Preventive Screening Saves Lives
Chronic health conditions are very common. In fact, it is believed that around one of two American adults are sufferers of one chronic condition or more. This is information gathered by the Centers for Disease Control and Prevention or the CDC. What people don’t realize is that there exists the ability to prevent these diseases or at least to screen for them early enough so they don’t amount to more serious conditions.
Screening tests don’t have to be expensive. For example, screening for diabetes can be as simple as purchasing a home test kit for around $15 and testing your fasting blood sugar. Doctors’ testing is a bit more expensive but probably not more than $50-$100. In addition, many employees are offering screening tests for their employees for free and many low cost screening programs exist.

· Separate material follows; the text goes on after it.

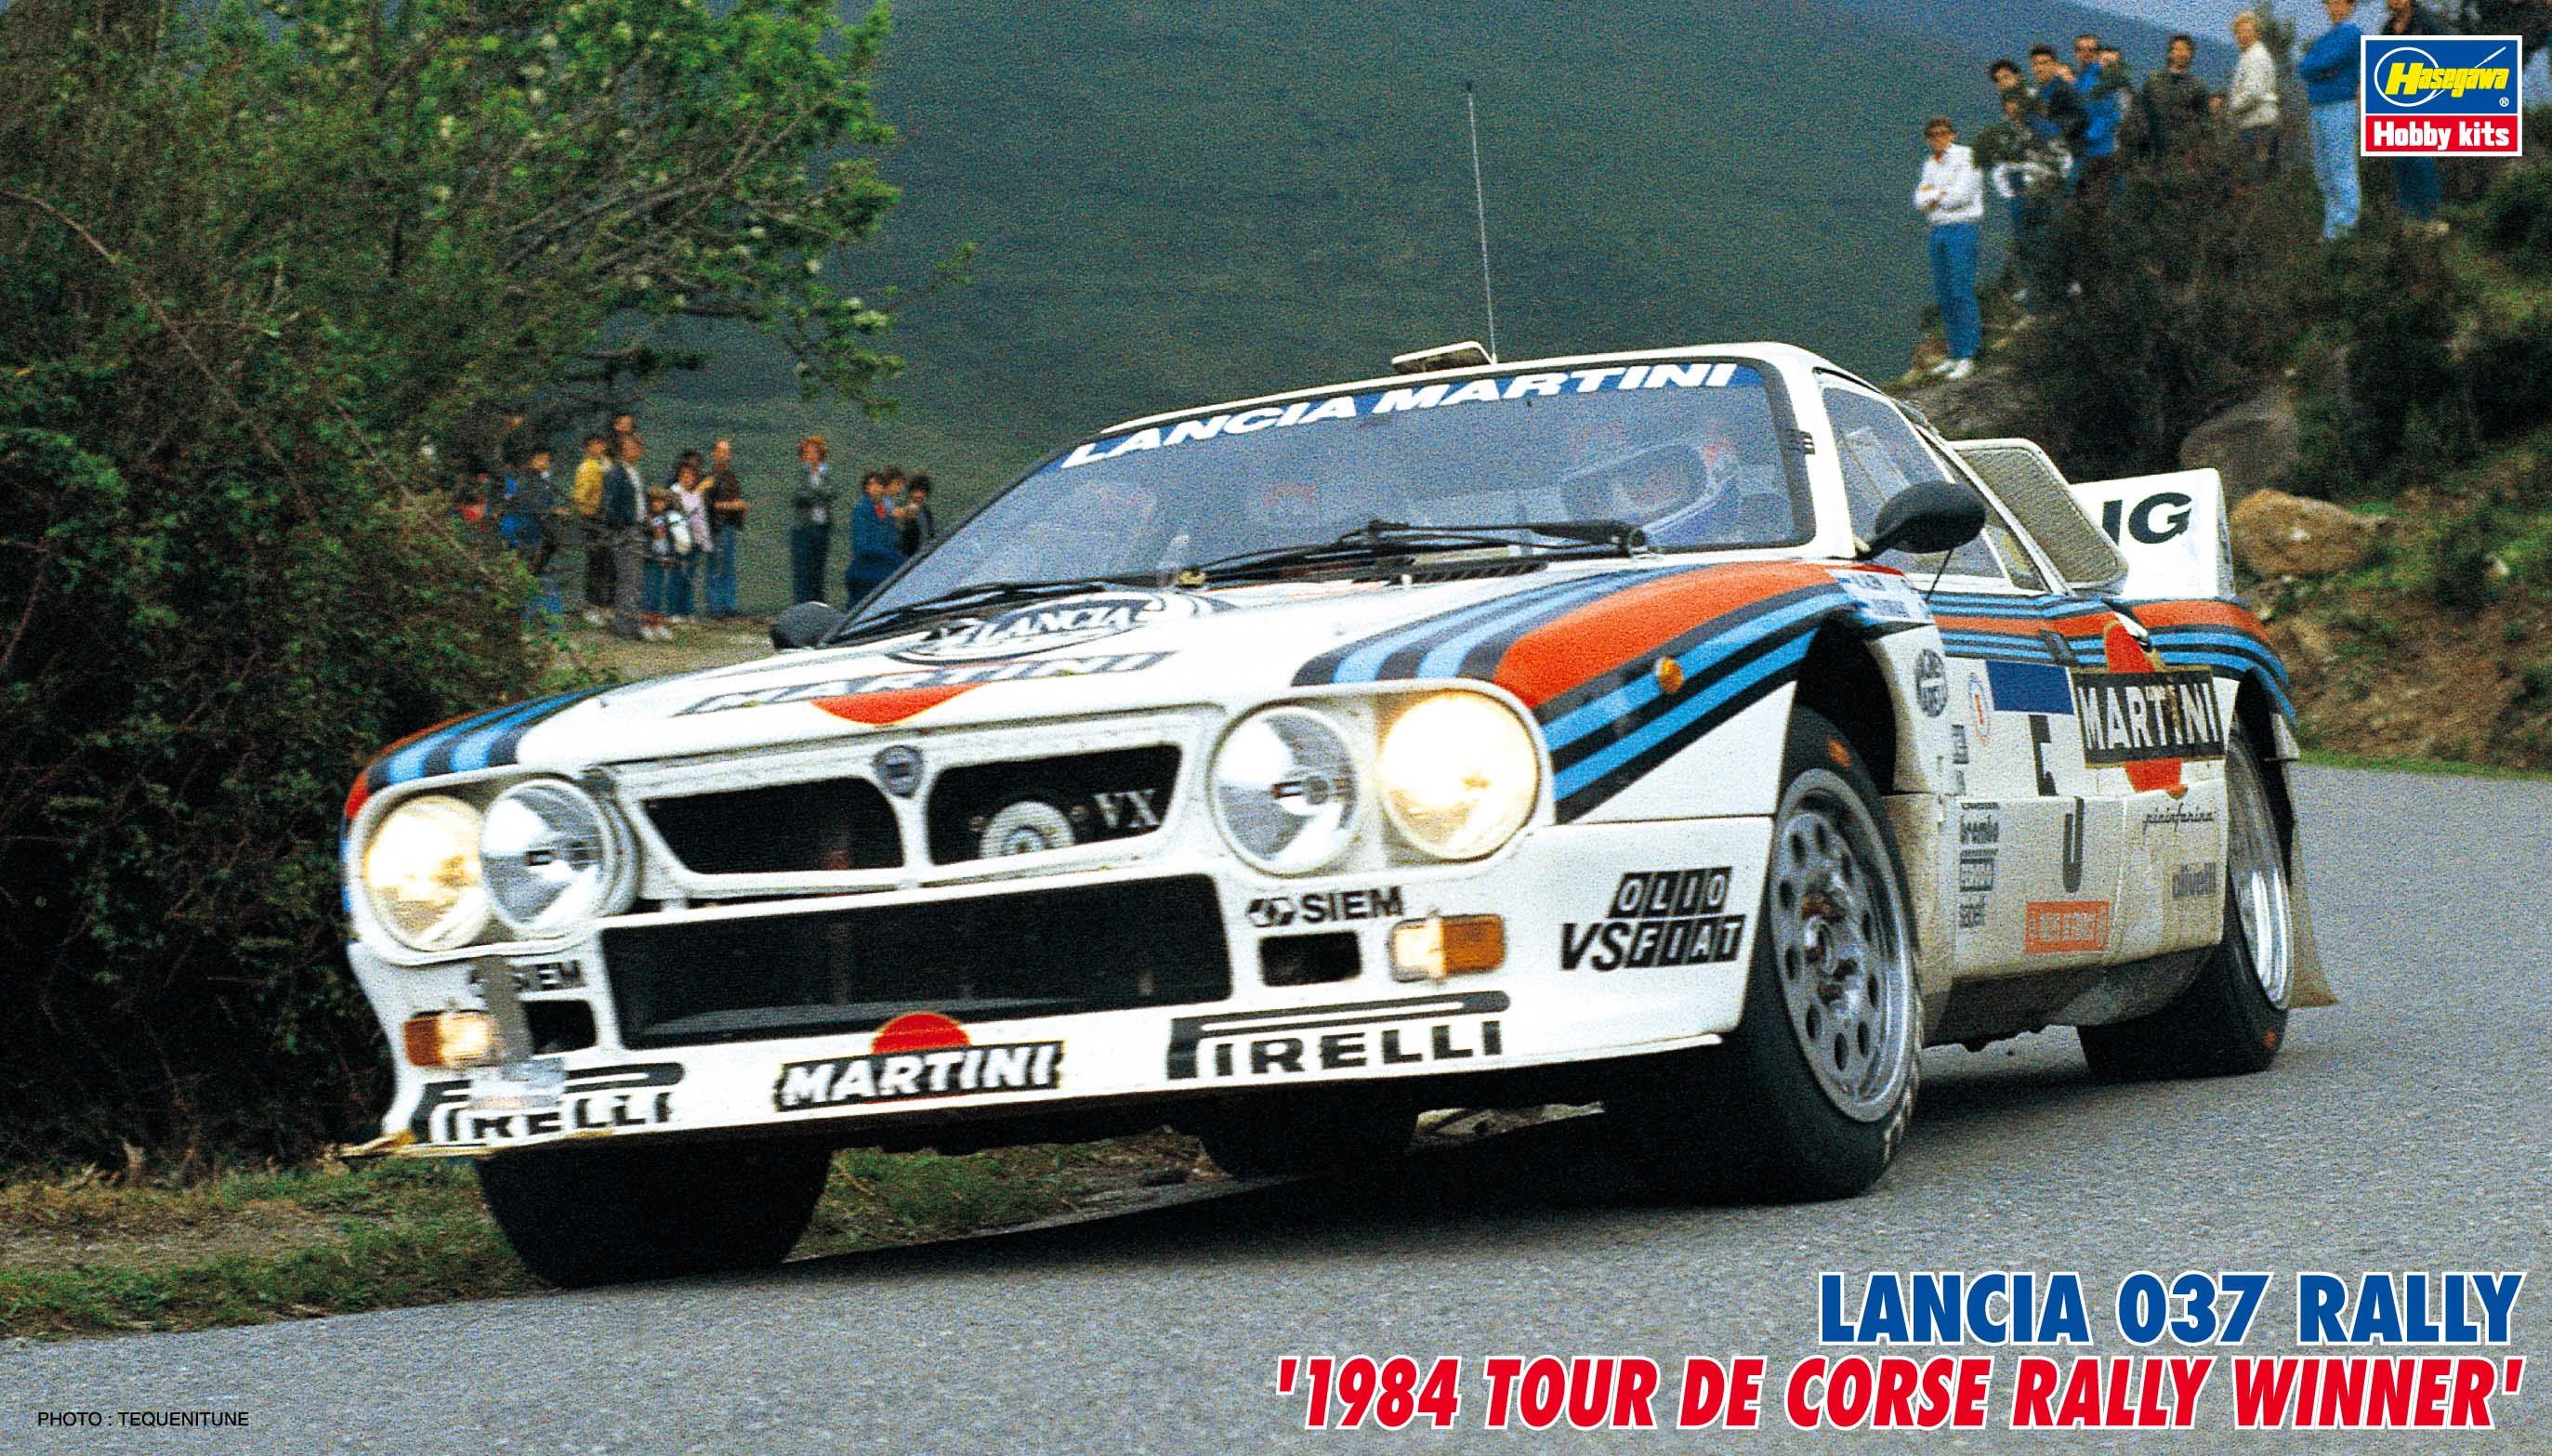 Hasegawa Lancia 037 Rally ('84 Tour De Corse Rally Winner) CR30

Finding out you have an early case of a serious disease can cut down on visits to the emergency room and endless visits to the doctor in order to treat a complicated condition. Health plans, for this reason, are providing incentives for those willing to be screened for diseases in their asymptomatic or early state.
Even so, Preventive care is not something adults often think of. They think nothing of taking their infant in for a shot or for Preventive care and yet they fail to consider the fact that their health is as important as their children’s.
Screening for cancer is especially important. The two most common cancer screening tests include the colonoscopy and the mammogram, which screen for colon cancer and breast cancer, respectively. Screening for colon cancer is recommended at age fifty and yet less than half of all individuals are current in their colorectal screening.
In the same vein, fewer than half of all women eligible to receive a mammogram for breast cancer detection are getting their tests on a regular basis. Most doctors are beginning to screen women for the disease by the age of forty. The risk of dying from a case of breast cancer is reduced by 35 percent among women aged fifty and older.
Diabetic, heart disease and stroke detection are just as important as cancer screening. Diabetes is very common, affecting up to 24 million Americans at any given time. Diabetes is a major contributor to heart disease, kidney disease, amputation of the legs, stroke and blindness. Diabetic screening along with screening for cholesterol and high blood pressure can demonstrate the risk of heart disease before the patient actually develops the condition.